Credit: Reuters/Enrique Castro-Mendivil
LIMA |
Sun May 15, 2011 9:14am EDT
LIMA (Reuters) - Right-wing lawmaker Keiko Fujimori's lead over leftist Ollanta Humala appears to be growing ahead of Peru's June 5 presidential run-off, polls by survey firms Ipsos and CPI showed on Sunday.
The nationwide Ipsos poll, published in newspaper El Comercio, showed Fujimori getting 51.1 percent of the vote and Humala with 48.9 percent when blank and null ballots were excluded in a voting simulation organized by pollsters.
The Ipsos survey polled 2,005 people May 7-13 and has a 2.2 point margin of error.
A poll by CPI published on the website of RPP radio, said Fujimori had a 5.8 point lead over Humala, with 52.9 percent of votes to Humala's 47.1 percent. It polled 4,848 people and has a margin of error of 2.2 points.
Four polls in the past week have shown Fujimori, the daughter of jailed former President Alberto Fujimori, ahead of Humala, though in most cases her lead has been within the margin of error.
A fifth of voters are undecided or plan to abstain in the tight race that has caused volatility in the local stock and currency market and will likely make the final outcome of the election difficult to predict.
Both candidates appeal to poorer voters, though Fujimori, a lawmaker, has support from the business community, which is eager to see a decade-long economic boom continue and worries Humala might roll back years of free-market reforms.
The elder Fujimori opened the economy and slayed hyperinflation, but his government collapsed in 2000 in a cloud of corruption and human rights scandals stemming from his crackdown on insurgents.

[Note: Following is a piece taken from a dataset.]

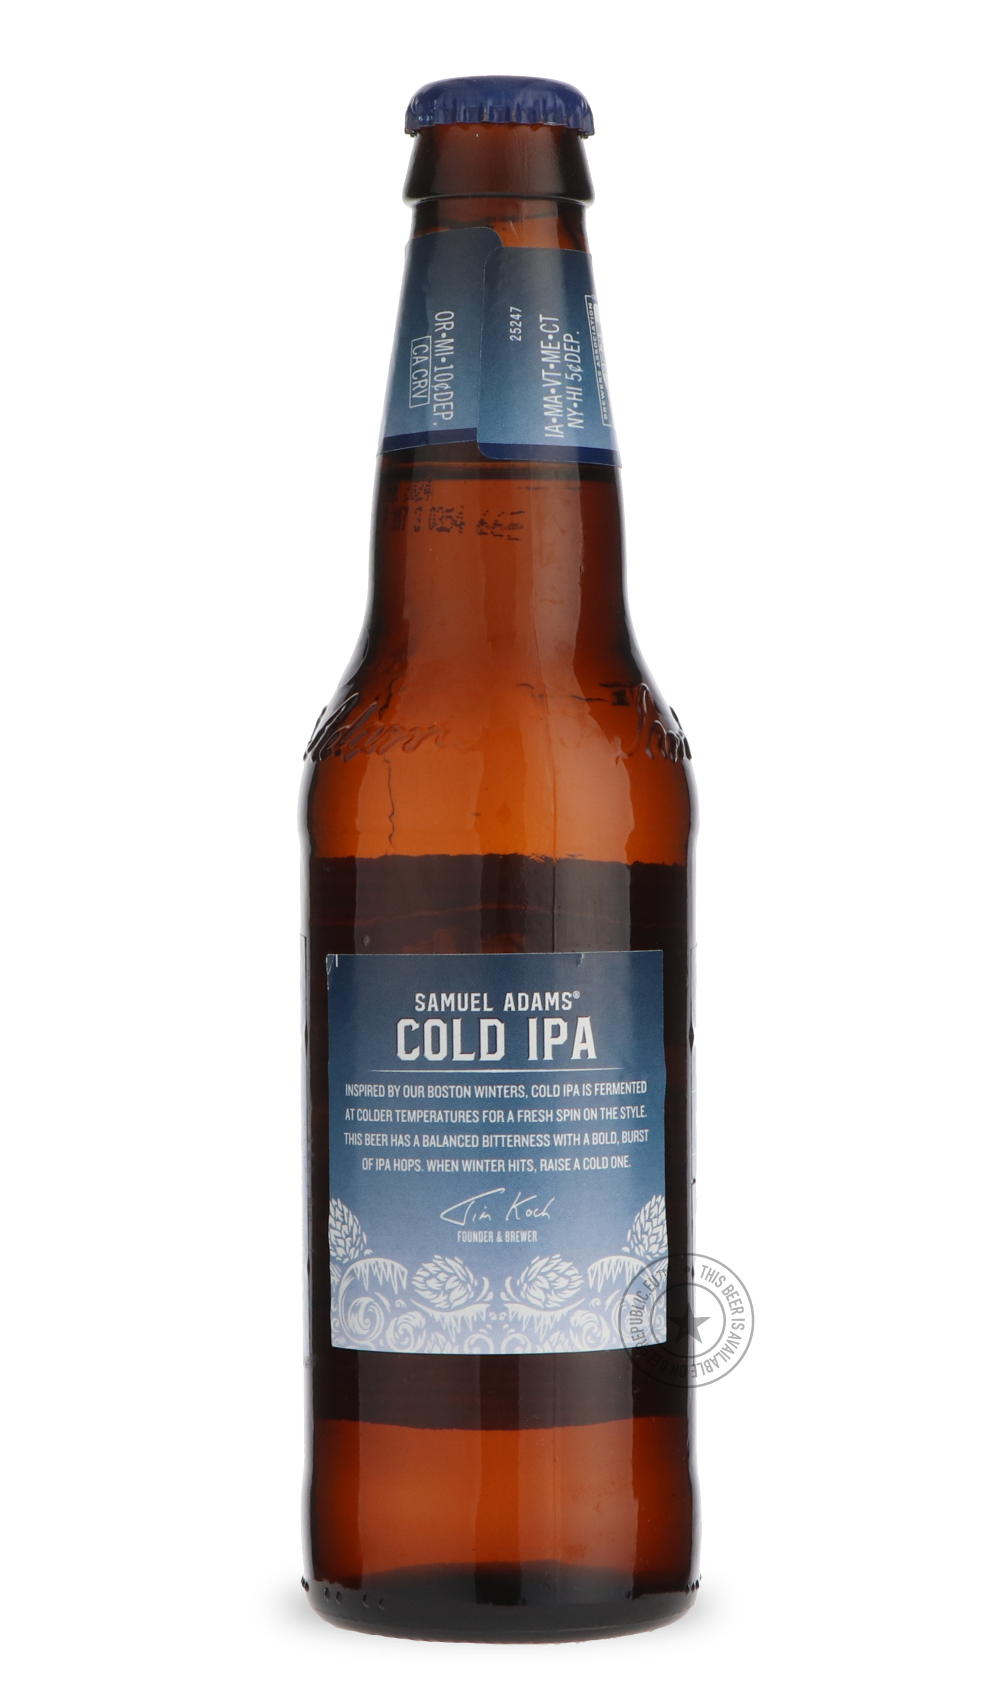 -Samuel Adams- Cold IPA-IPA- Only @ Beer Republic - The best online beer store for American & Canadian craft beer - Buy beer online from the USA and Canada - Bier online kopen - Amerikaans bier kopen - Craft beer store - Craft beer kopen - Amerikanisch bier kaufen - Bier online kaufen - Acheter biere online - IPA - Stout - Porter - New England IPA - Hazy IPA - Imperial Stout - Barrel Aged - Barrel Aged Imperial Stout - Brown - Dark beer - Blond - Blonde - Pilsner - Lager - Wheat - Weizen - Amber - Barley Wi

Humala, a former army officer who led a short-lived revolt against Fujimori's father, campaigns as a moderate leftist but he spooks investors with a policy platform that includes an interventionist agenda.
Humala says his policies would strengthen a weak state to make sure the benefits of economic growth reach all Peruvians, not just local elites or foreign firms. A third of Peruvians still live in poverty.
Peruvian markets plunged after Humala won the first-round vote on April 10 but have since partly recovered as investors bet on a Fujimori victory.
Before the latest gains, the market value of Peru's stock index plunged by about $18 billion in less than three weeks, according to the Maximixe brokerage.